TASK DIRECTIONS:
Copy the material below verbatim from the line with "MONTMORENCY - QUÉBEC" to the line with "A single tree", both lines included, omitting pictures and every line outside that range.

RECORDS:
#####

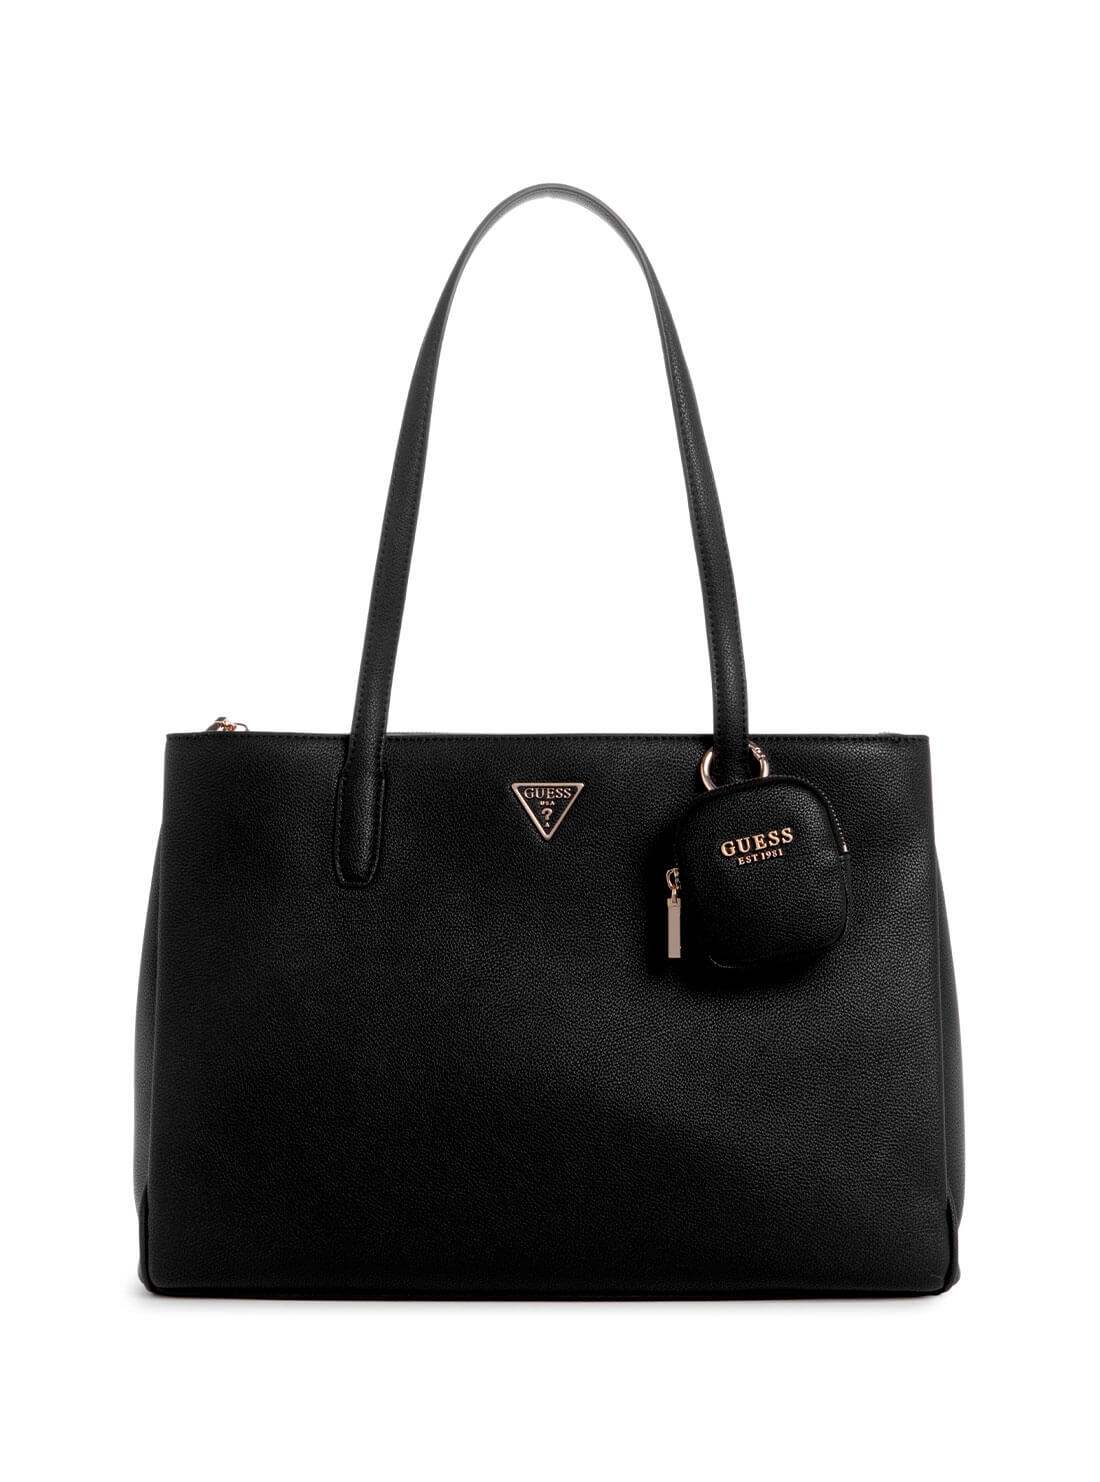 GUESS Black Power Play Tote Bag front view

#####

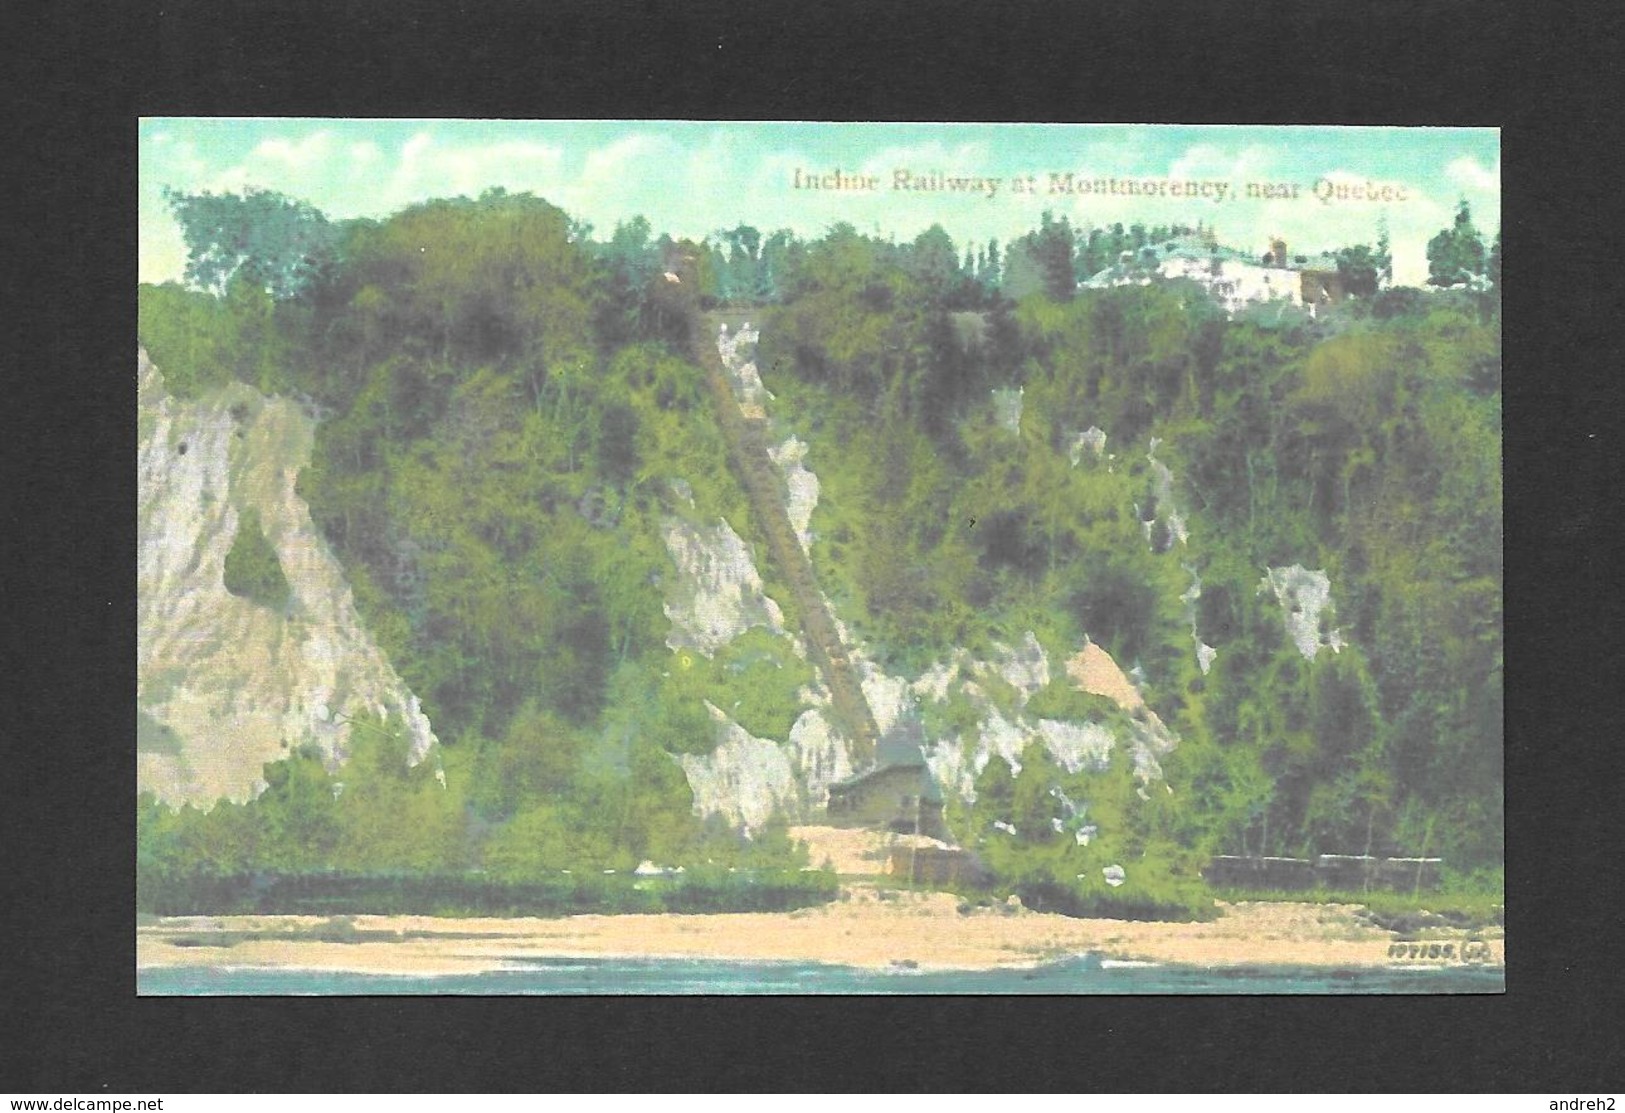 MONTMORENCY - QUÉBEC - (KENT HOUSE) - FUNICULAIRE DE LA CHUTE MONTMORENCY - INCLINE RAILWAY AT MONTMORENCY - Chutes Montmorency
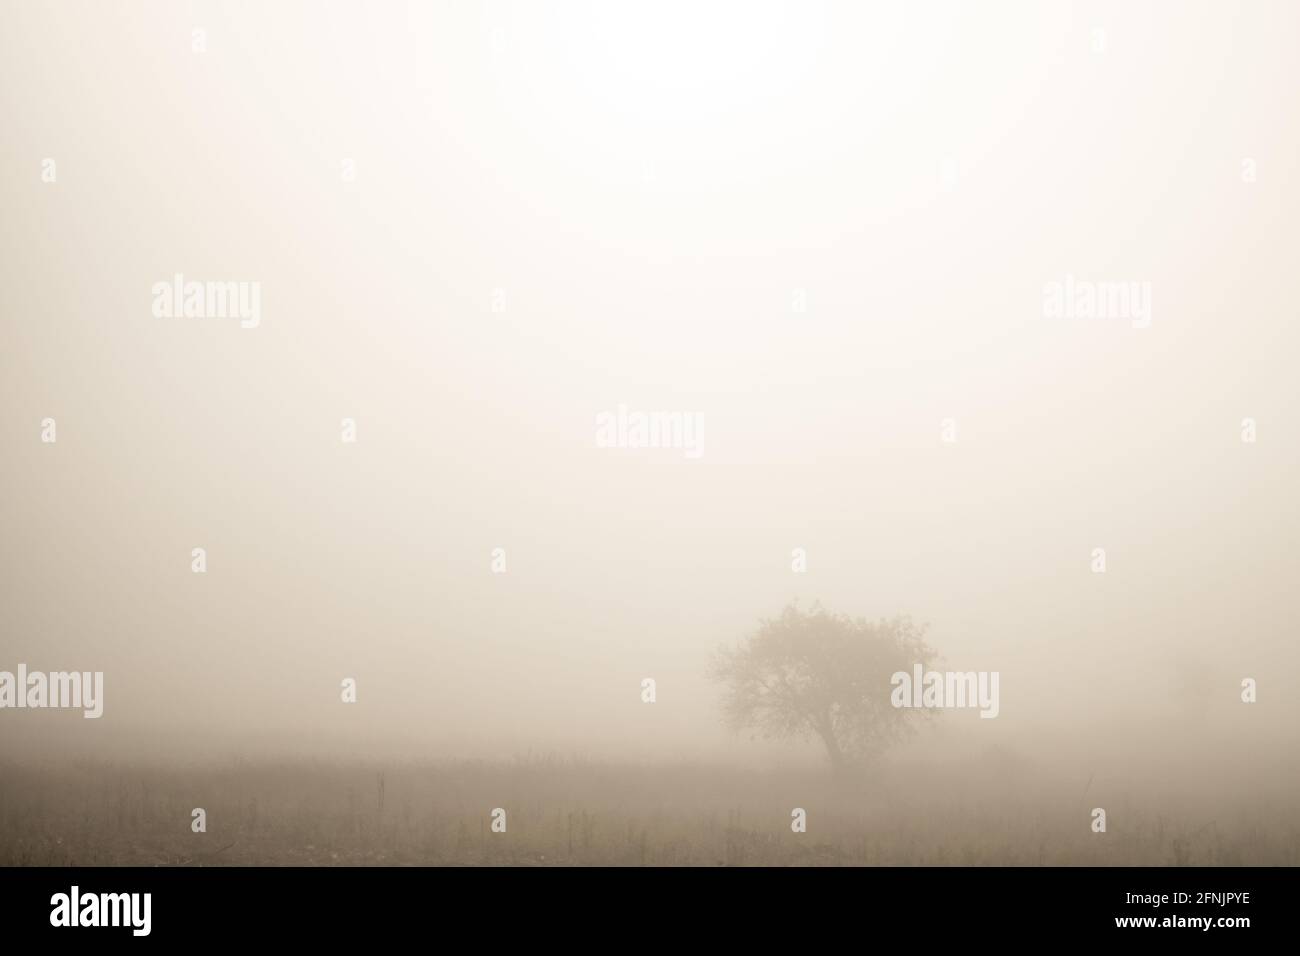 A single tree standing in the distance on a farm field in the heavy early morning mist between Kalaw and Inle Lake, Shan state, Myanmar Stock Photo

#####

WRITTEN SOLUTION:
 MONTMORENCY - QUÉBEC - (KENT HOUSE) - FUNICULAIRE DE LA CHUTE MONTMORENCY - INCLINE RAILWAY AT MONTMORENCY - Chutes Montmorency
 A single tree standing in the distance on a farm field in the heavy early morning mist between Kalaw and Inle Lake, Shan state, Myanmar Stock Photo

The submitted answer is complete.